### Stored data:
::::
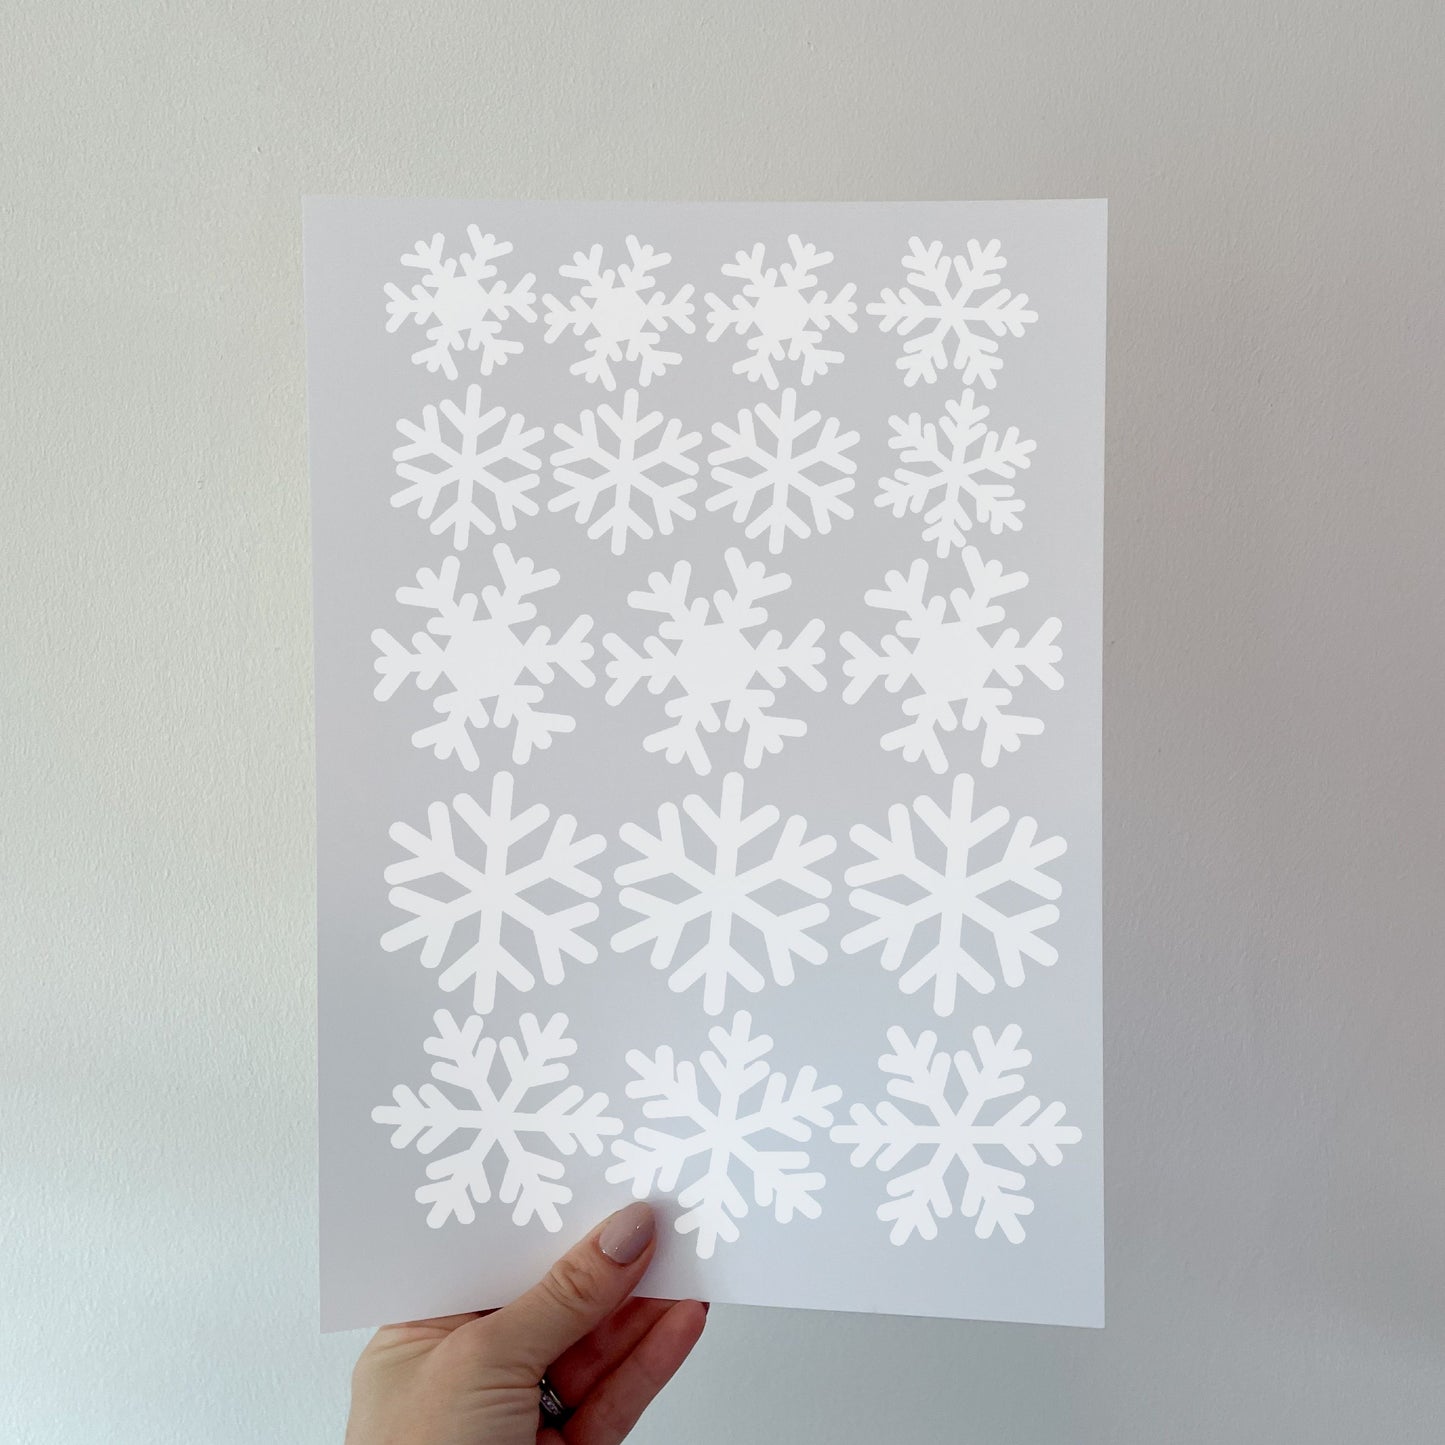 Value Wall Sticker Sheets - Christmas Snowflakes - Small
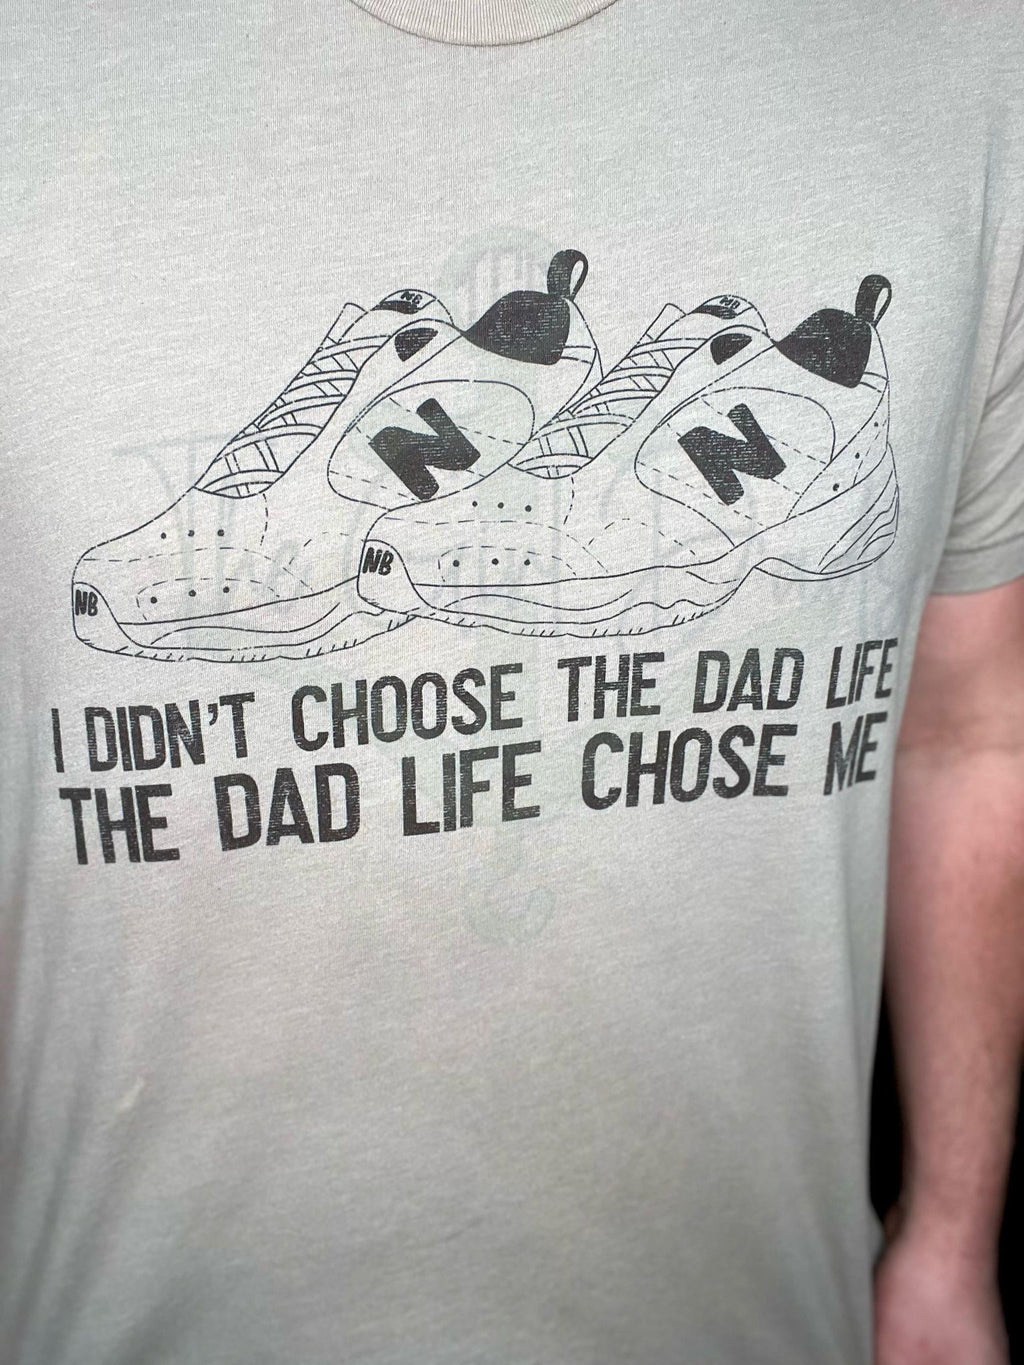 The Dad Life Chose Me Top Design
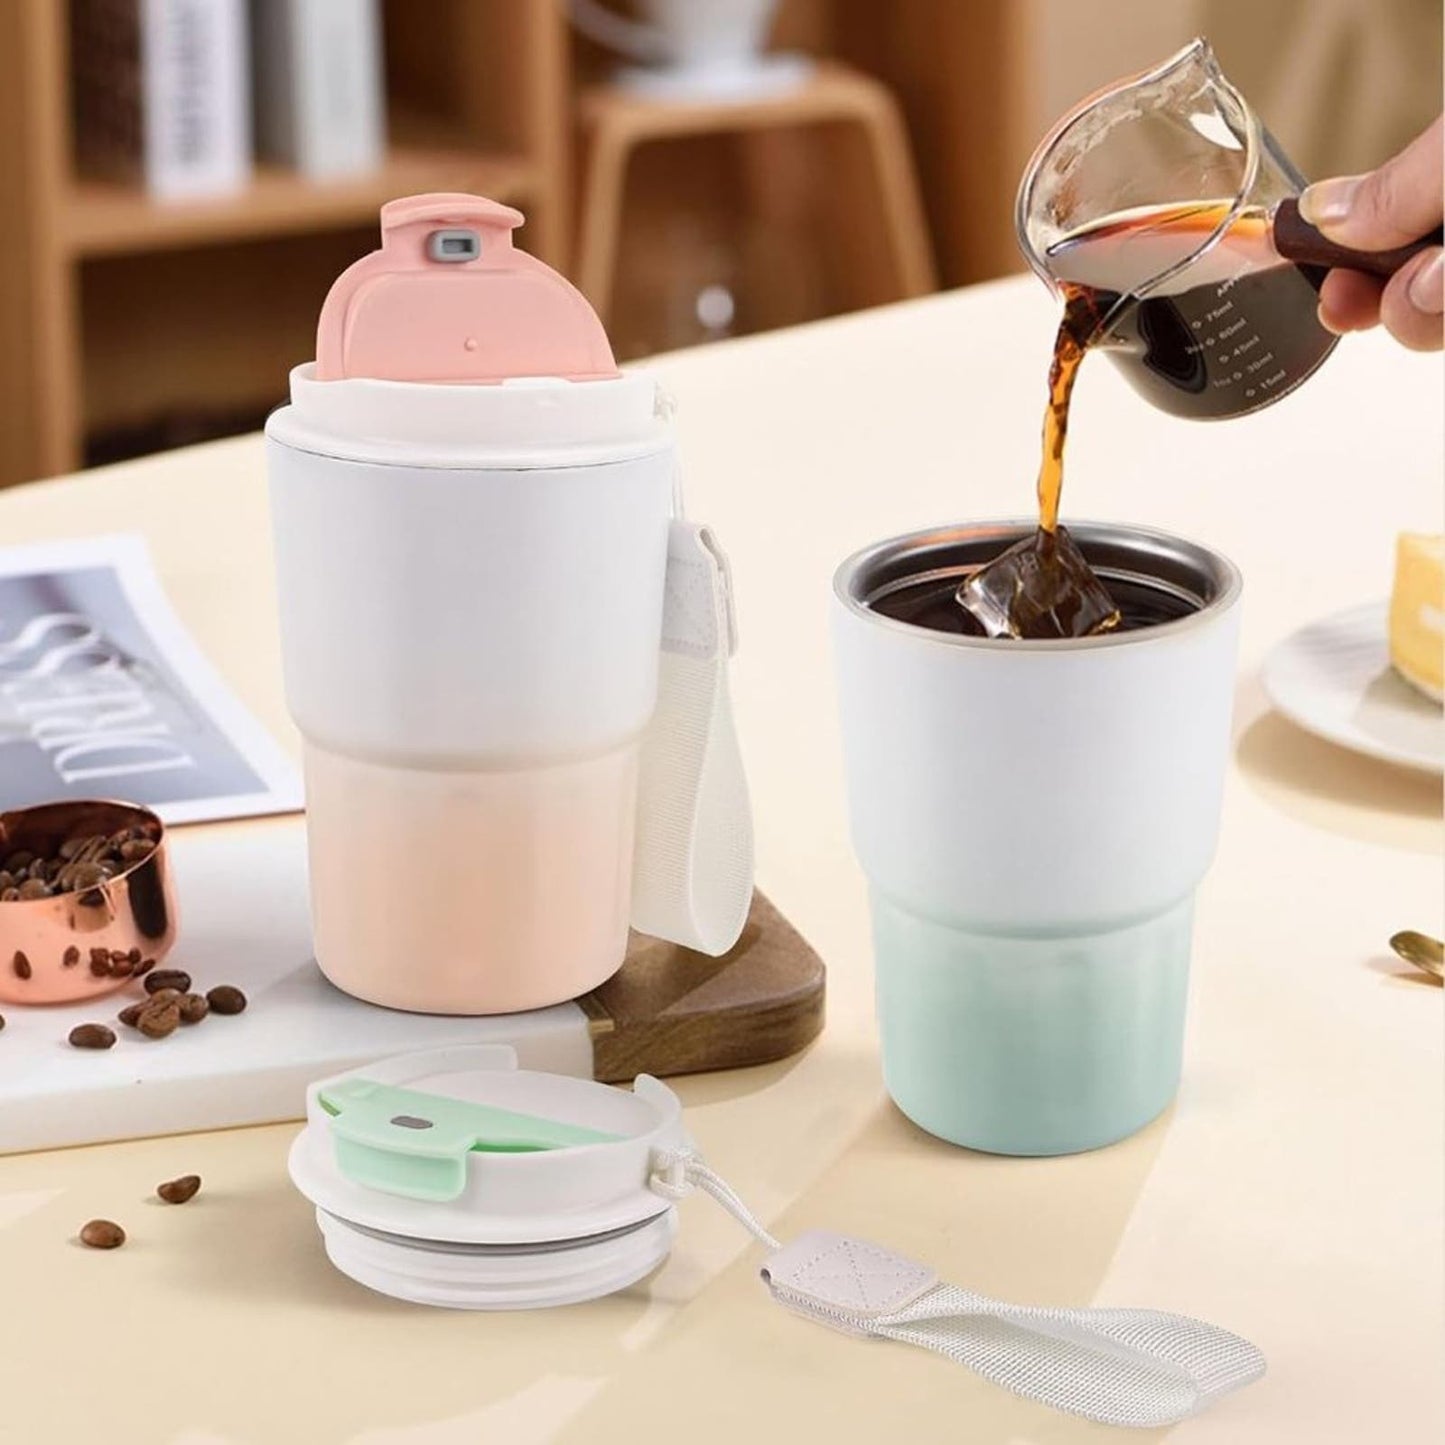 XIAPIA Travel Coffee Mug 12 oz, 2 Pack Coffee Cups with Lids, Leak Proof Reuse
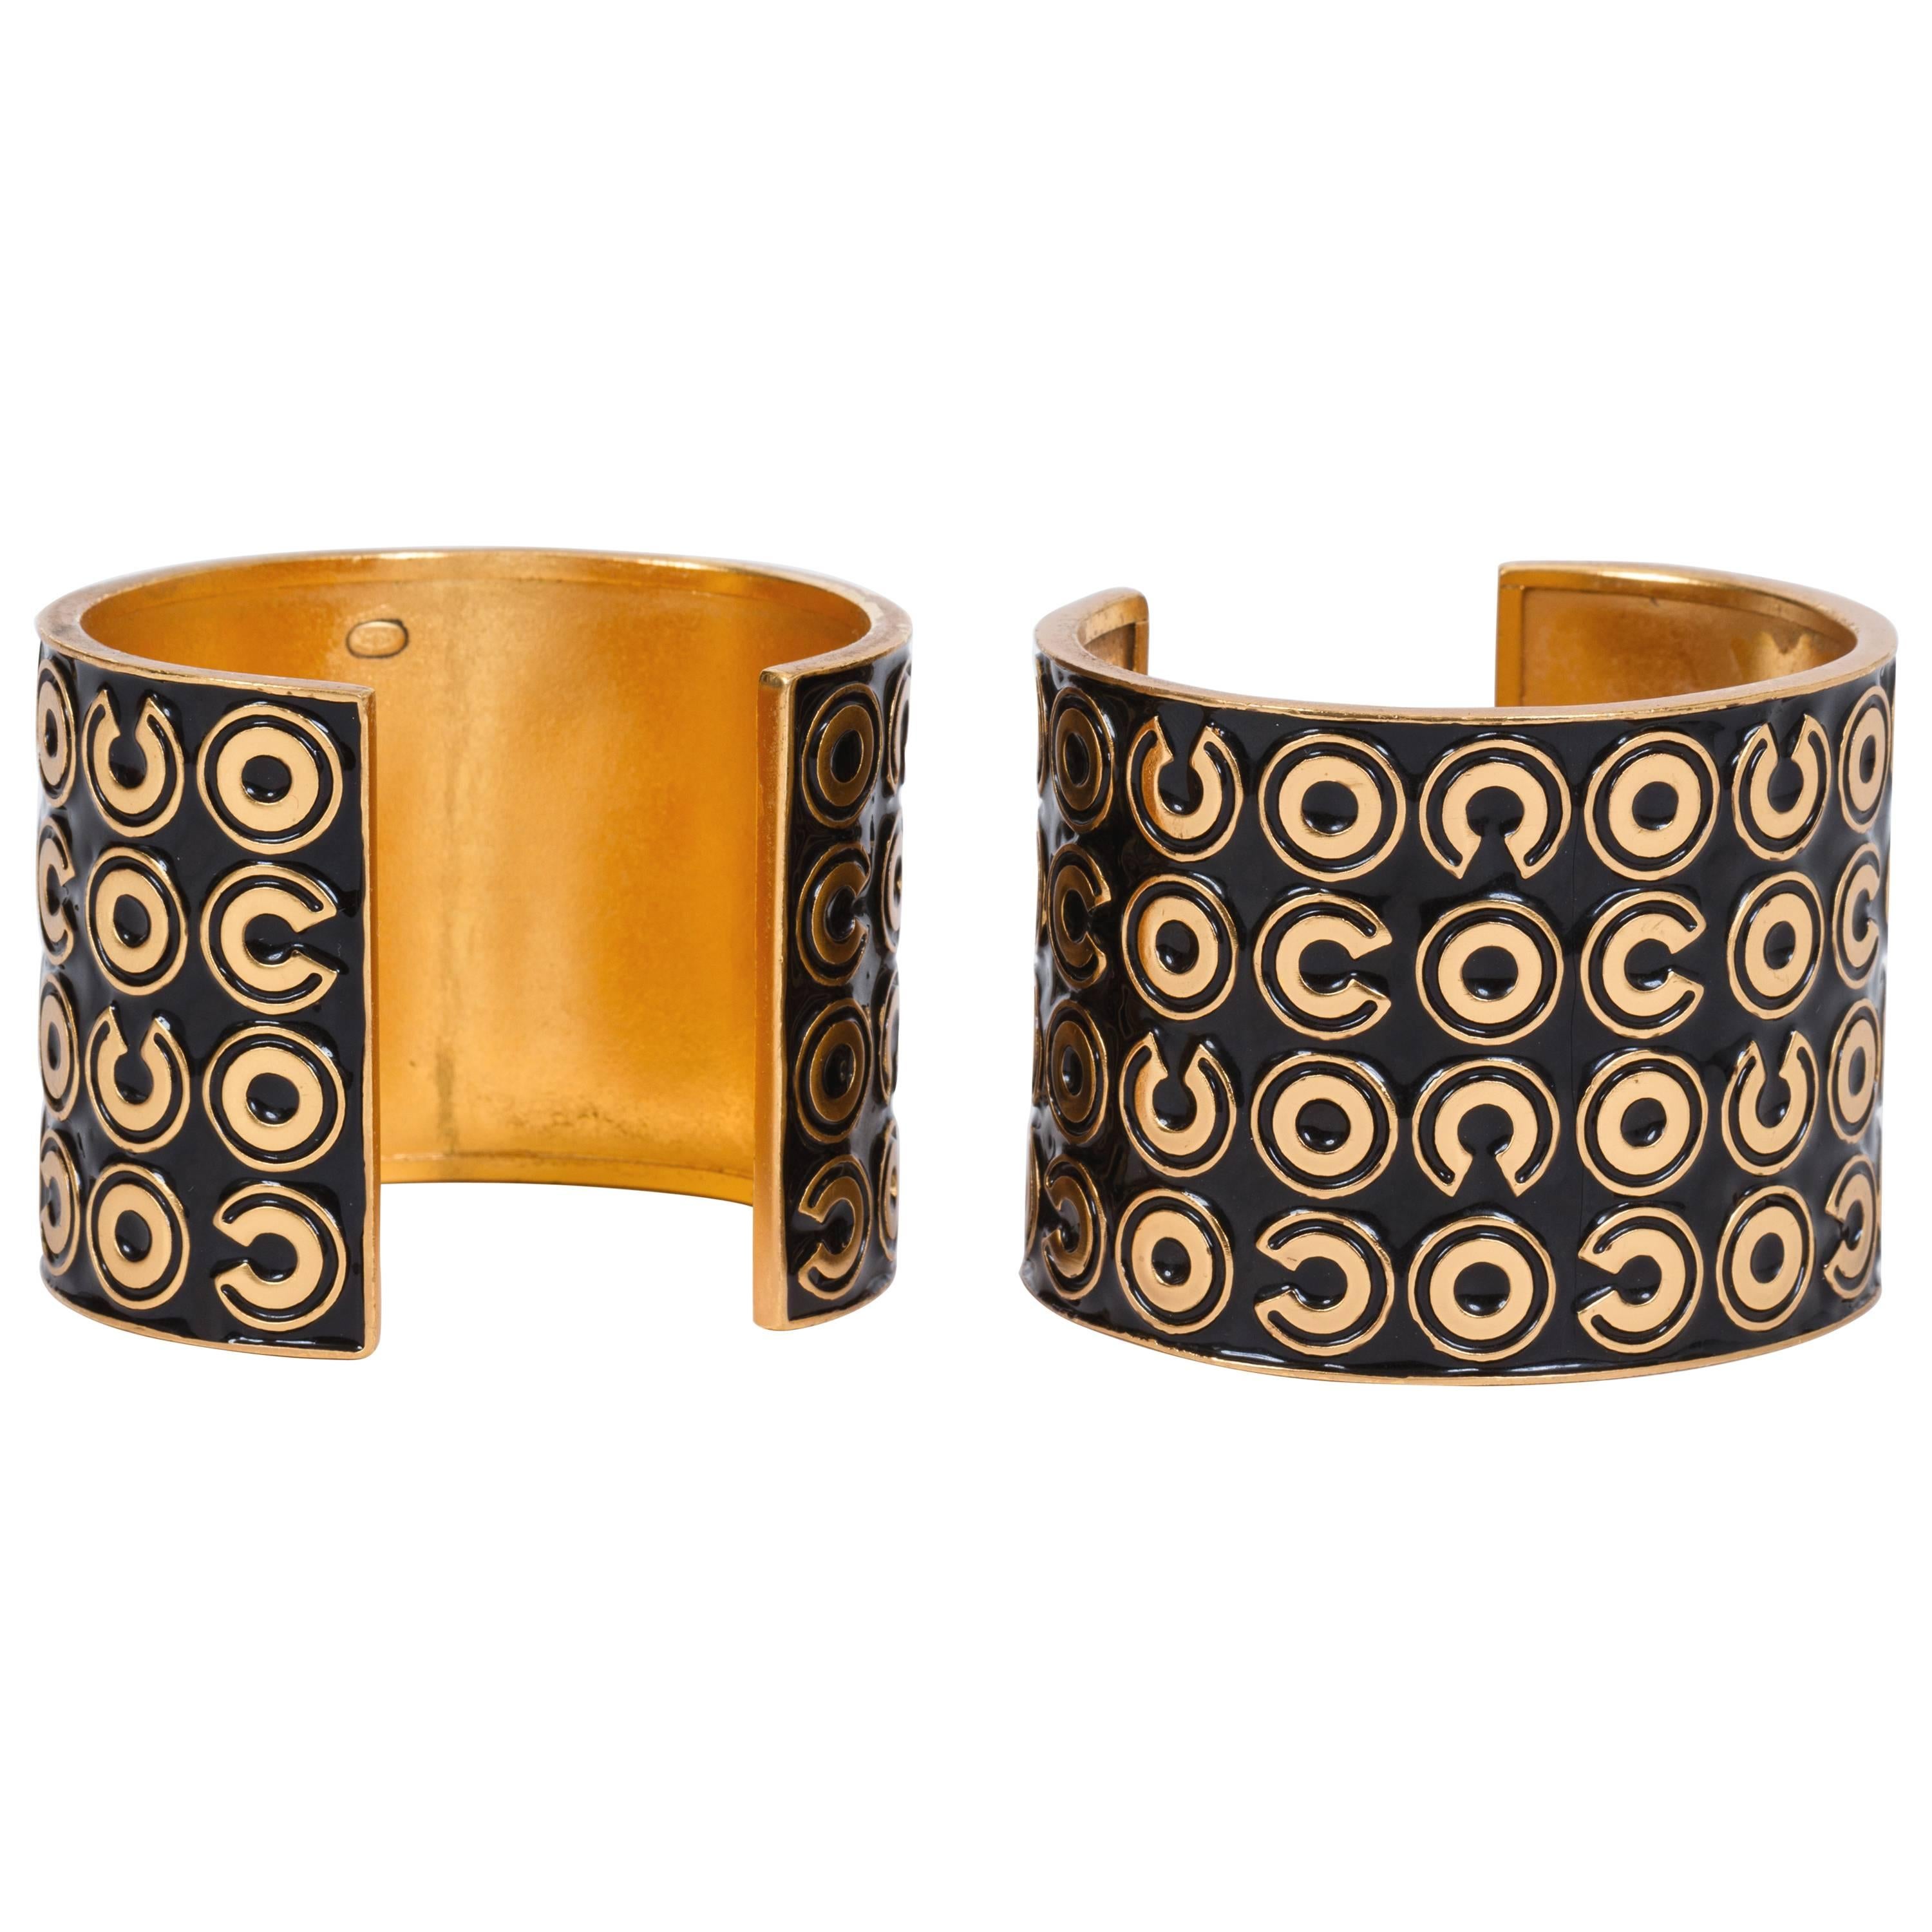 Chanel Pair of Black/Gold Cuff Bracelets
::::
### What the exercise asks:
Your answer must be an exact copy of the data above, minus its pictures.

### Written reply:
 Value Wall Sticker Sheets - Christmas Snowflakes - Small
 The Dad Life Chose Me Top Design
 XIAPIA Travel Coffee Mug 12 oz, 2 Pack Coffee Cups with Lids, Leak Proof Reuse
 Chanel Pair of Black/Gold Cuff Bracelets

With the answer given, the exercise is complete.